The advancing and retracting member 52 is provided with a driving unit 53 such as a stepping motor or a servo motor in combination. The drive section 53 is connected to the control section 9 and the drive section 53 is driven by the control signal of the control section 9 so that the advance and retreat member 52 can be moved relative to the opening edge of the outer member 51 So that the periphery of the end portion of the advancing / retracting member 52 can move back and forth while being in contact with air. Therefore, when the first pump 31 is described as an example, when the valve 31A is closed and the valve 31B is closed and the advancing / retreating member 52 is retreated (moved in a direction to withdraw from the outer member 51) Is drawn from the introduction passage 22 to the inner region 50 through the suction port 54. [ When the valve 31A is closed and the valve 31B is opened and the advancing / retreating member 52 is advanced (pushed toward the inside of the outer member 51), the volume of the inner region 50 becomes small, 31B. In the specification, when the suction operation for retracting the advancing / retracting member 52 of the pump is performed, the resist liquid is discharged when the side where the resist solution enters is advanced to the primary side and the advancing / retracting member 52 of the pump Side is set as the secondary side.

1, the cup module 10 includes a cup 90, a resist liquid scattered from a semiconductor wafer (hereinafter, referred to as a "wafer") W as a substrate to be processed, And a spin chuck 11 configured to discharge the wafer W from the exhaust pipe 14 and to hold the center portion of the back surface of the wafer W horizontally by suction. The spin chuck 11 is connected to the rotating mechanism 13 through a vertically extending rotary shaft 12. The rotation mechanism 13 is provided with a rotation drive source such as a rotation motor (not shown), and is configured to be able to rotate at a predetermined speed. Then, a prescribed amount of the resist solution is supplied to the wafer W from the nozzle 5 of the resist solution supplying device 1 described above.

In the resist solution supplying device 1, for example, a control section 9 composed of a computer is provided. The control section 9 is provided with a program storage section. The program storage section stores the supply and discharge of the resist liquid by the first and second pumps 31 and 32, the first and second three-way valves 36, and 37, the pressure measuring unit 7 measures the pressure of the resist solution, and the control of the supply control valve 6 and the operation of the cup module 10 are stored . This program is stored in a storage medium such as a flexible disk, a compact disk, a hard disk, an MO (magneto-optical disk), or a memory card and installed in the control unit 9.
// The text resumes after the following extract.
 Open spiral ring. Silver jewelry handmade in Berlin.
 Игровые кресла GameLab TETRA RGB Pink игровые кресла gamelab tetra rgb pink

Next, the operation of the resist solution supplying device 1 will be described. The valve 21A provided in the supplemental flow passage 21 is first opened and the valve 42A provided in the inert gas supply conduit 42 is opened. Thereby, the resist solution supply source 4 is pressed by the supply of N ₂ gas, and the resist solution is supplied to the buffer tank 41. After the prescribed resist solution is supplied to the buffer tank 41, the valves 21A and 42A are closed.

3, the valve 31A on the suction port 54 side is opened while the valve 31B on the discharge port 55 side of the first pump 31 is closed, and the advancing / retreating member 52 is retracted . Thereby, the resist solution in the buffer tank 41 is sucked into the first pump 31 through the introduction flow path 22. In FIGS. 3 to 6, the state in which the resist solution flows is indicated by a bold line.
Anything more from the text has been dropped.